| What to produce |
The range to repeat runs from the line with "All You Need" to the last line below, both ends included; give it exactly and without pictures.

| The data |
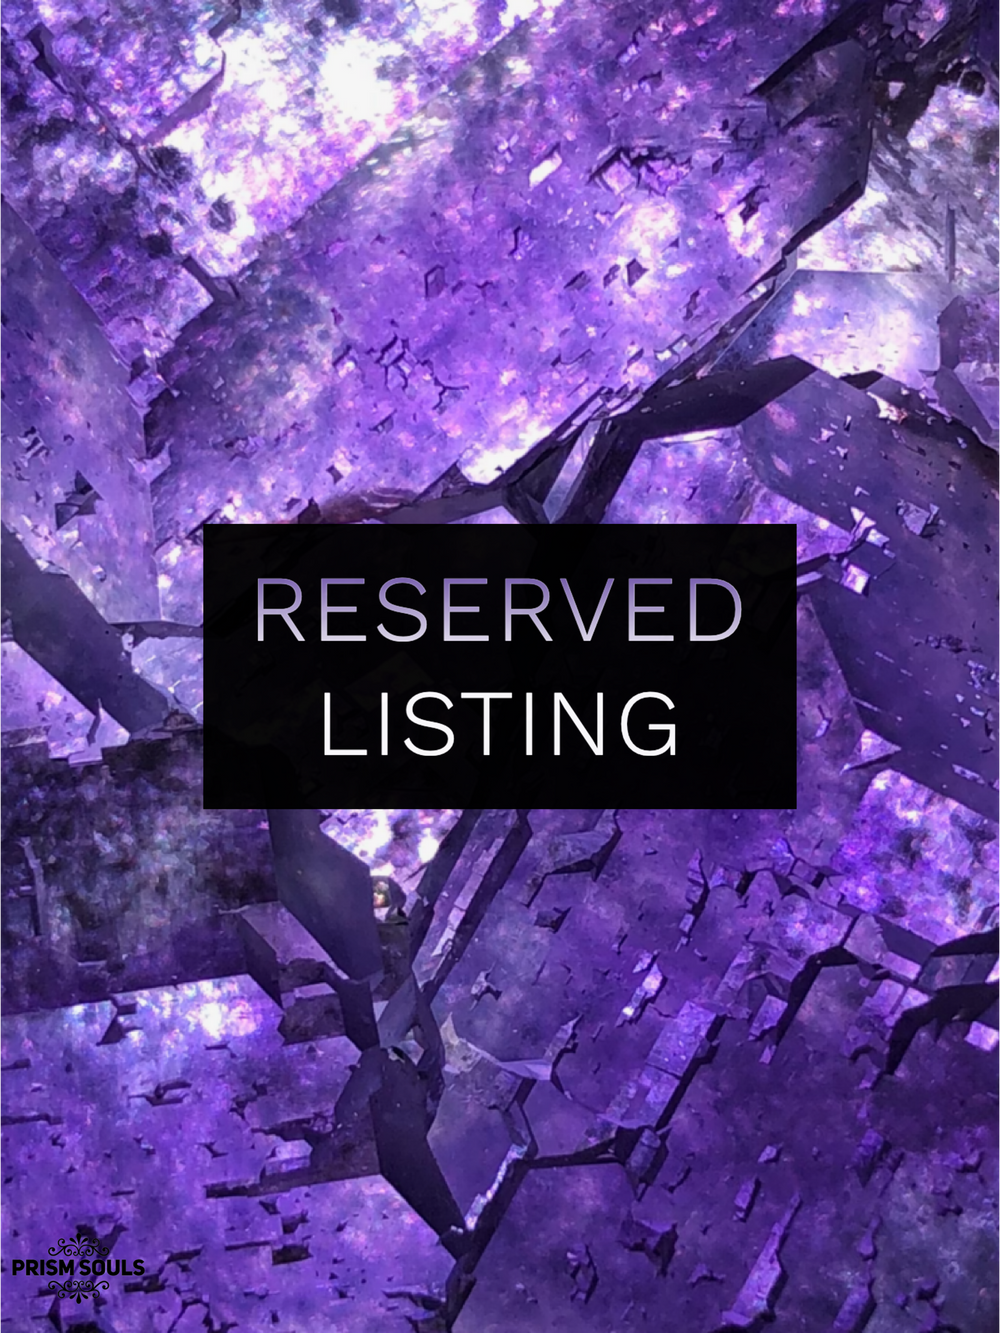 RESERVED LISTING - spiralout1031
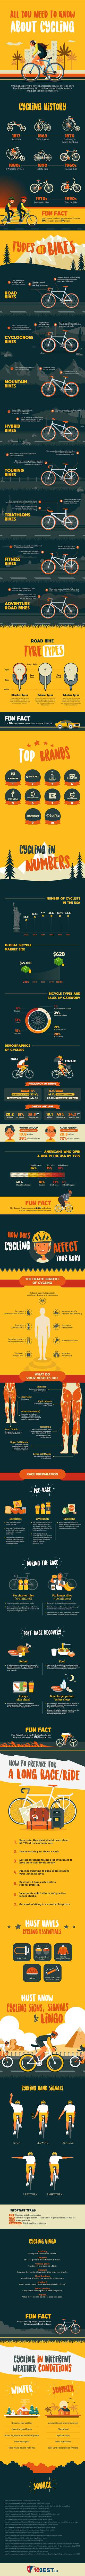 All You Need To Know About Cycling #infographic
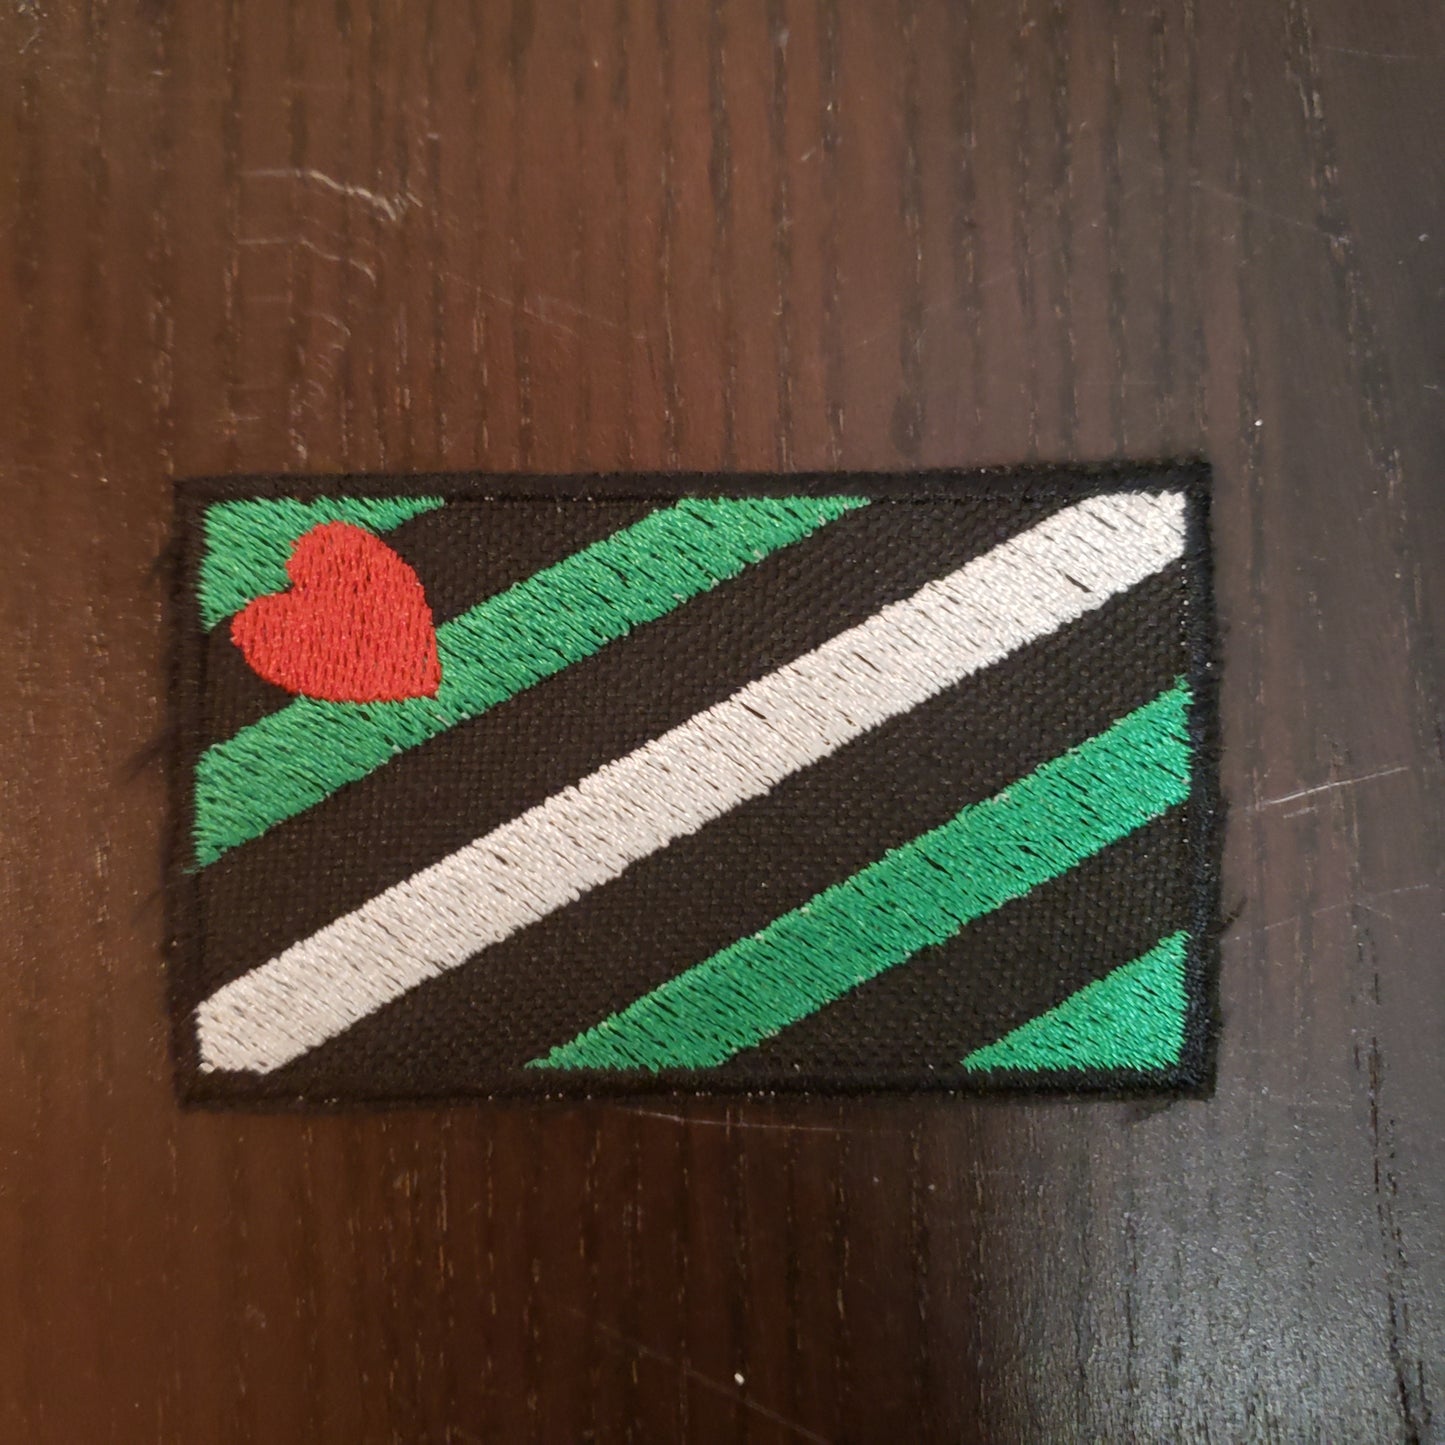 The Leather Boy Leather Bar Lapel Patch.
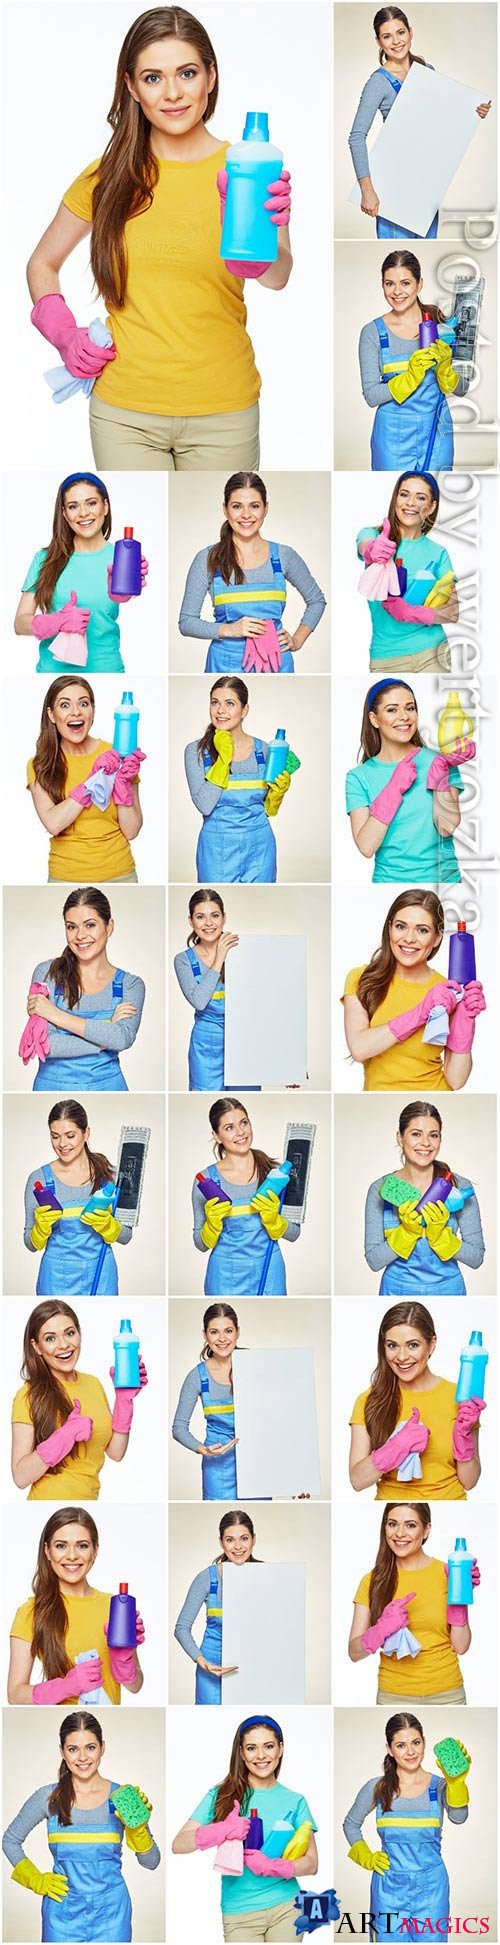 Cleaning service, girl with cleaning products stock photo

| Exercise result |
 All You Need To Know About Cycling #infographic
 The Leather Boy Leather Bar Lapel Patch.
 Cleaning service, girl with cleaning products stock photo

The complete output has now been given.